Why would anyone use ft/h instead of just saying inches per day?
It depends on the magnitude. 1 ft/h = 24 ft/day = 288 in/day — for something moving a few feet per hour, inches per day becomes a large awkward number. Conversely, for very slow movement (0.01 ft/h = 2.88 in/day), in/day gives a cleaner number. Engineers choose whichever unit gives a value between roughly 1 and 1,000 to minimize leading zeros.
Is there any creature that moves at about 1 ft/h?
Sea stars (starfish) move at roughly 0.06 m/min, which is about 11.8 ft/h — surprisingly fast. Coral polyps and sea anemones are essentially sessile but can contract at a few mm/min. Some fungi extend their hyphal tips at 1–4 mm/h — about 0.003–0.013 ft/h. Slime molds (Physarum polycephalum), often used in computing research, can advance at up to 4 cm/h (about 1.3 ft/h).
Foot per Second – Frequently Asked Questions
How fast does a golf ball come off the clubface in ft/s?
A professional golfer's driver launches the ball at roughly 250 ft/s (170 mph). An amateur averages about 190–220 ft/s. The PGA Tour record ball speed is around 330 ft/s (225 mph), set by long-drive competitors using specialised equipment. For comparison, a tennis serve reaches about 180 ft/s and a baseball pitch about 150 ft/s — making a driven golf ball one of the fastest objects in non-motorised sport.
How fast does a skydiver fall in ft/s?
A skydiver in a stable spread-eagle position reaches terminal velocity at approximately 120 mph (176 ft/s) after about 10 seconds of freefall. In a head-down dive position, terminal velocity can reach 200+ mph (293+ ft/s). With a deployed parachute, descent slows to about 10–17 ft/s (7–12 mph) for a safe landing.
Why do aircraft measure vertical speed in ft/min instead of ft/s?

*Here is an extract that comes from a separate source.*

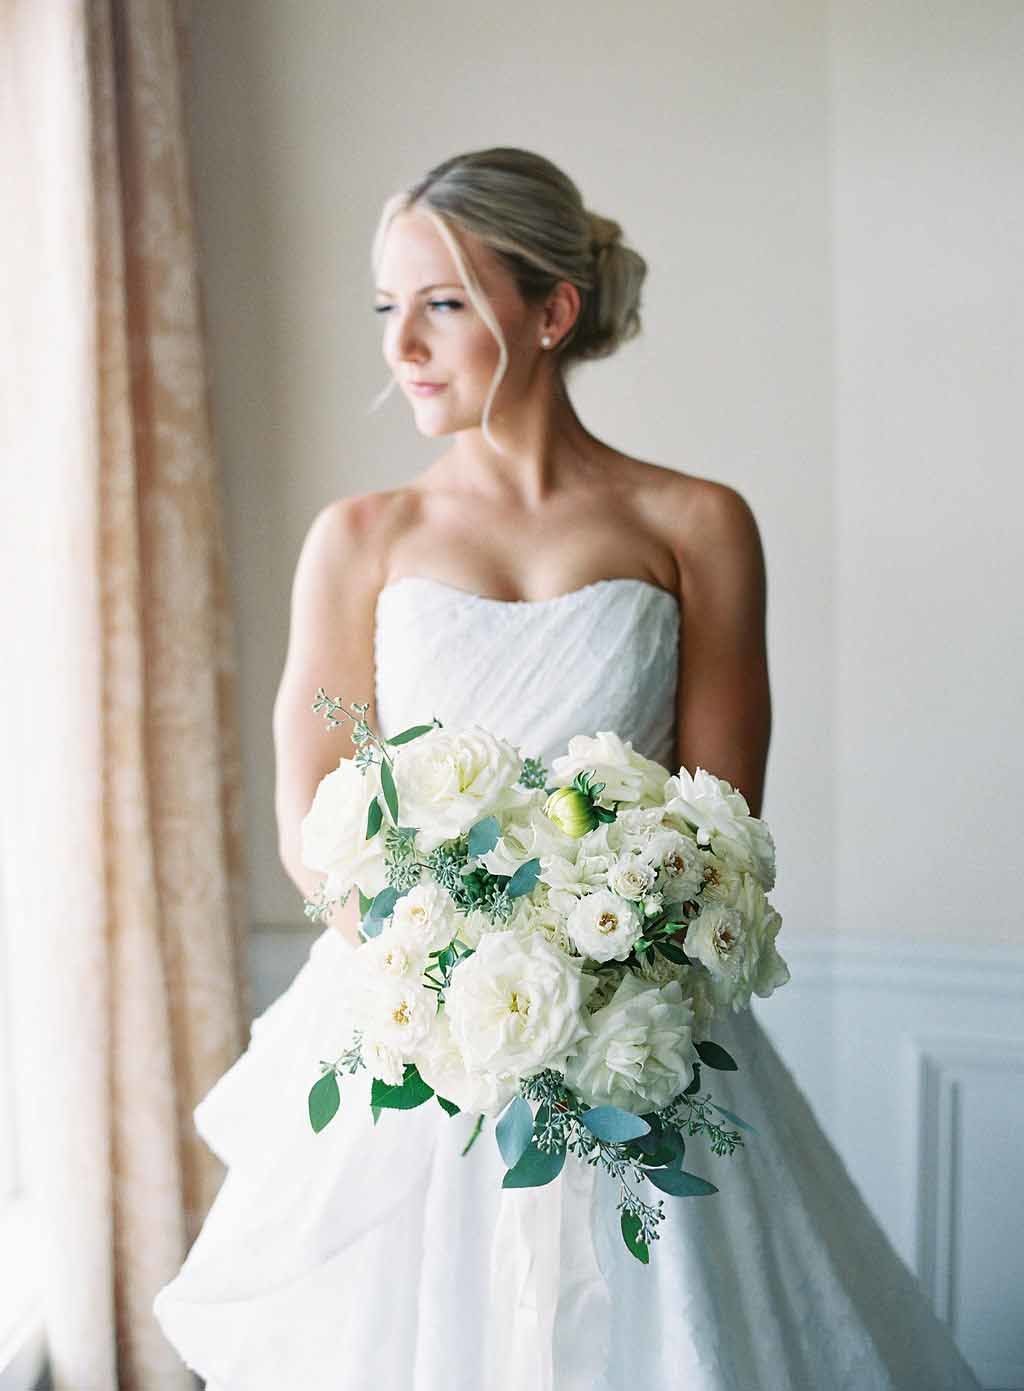 bride in white dress holding bouquet of white garden flowers
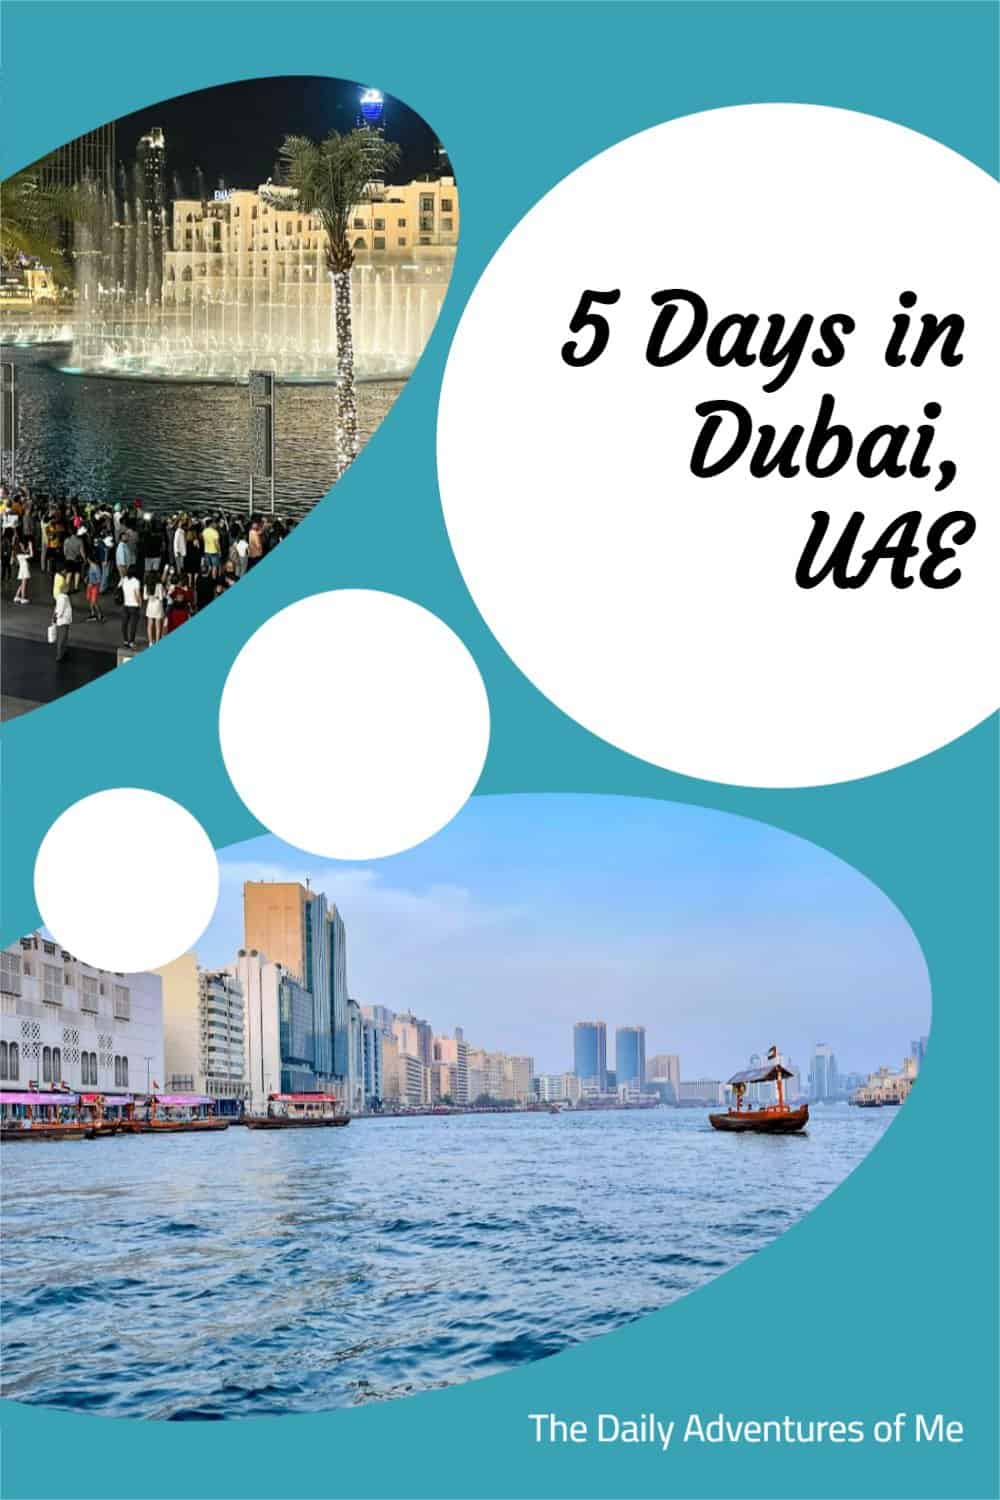 Read on to make your best 5-Day Dubai Itinerary. #UnitedArabEmirates

Vertical speed indicators in aircraft (VSI) use feet per minute because typical climb and descent rates produce sensible numbers — a commercial aircraft climbs at 1,500–2,500 ft/min, and descends at 300–500 ft/min for approach. In ft/s these would be 25–42 and 5–8 respectively — workable, but ft/min produces rounder pilot-friendly numbers for the ranges encountered.
What is a foot per second squared and why does it matter?
Foot per second squared (ft/s²) is the imperial unit of acceleration. Standard gravitational acceleration is 32.174 ft/s² — meaning a falling object gains 32 ft/s of speed every second. This is used in US aerospace and artillery calculations. Engineers must be careful not to confuse ft/s (speed) with ft/s² (acceleration), as the units look similar but represent entirely different physical quantities.
How does ft/s relate to the knot?
One knot is approximately 1.6878 ft/s (or 1 nautical mile per hour). This means 100 knots is about 169 ft/s. Aircraft airspeed is measured in knots by international convention, but US military aircraft radar tracks and some engineering documents also express speeds in ft/s for compatibility with imperial-unit weapon system specifications.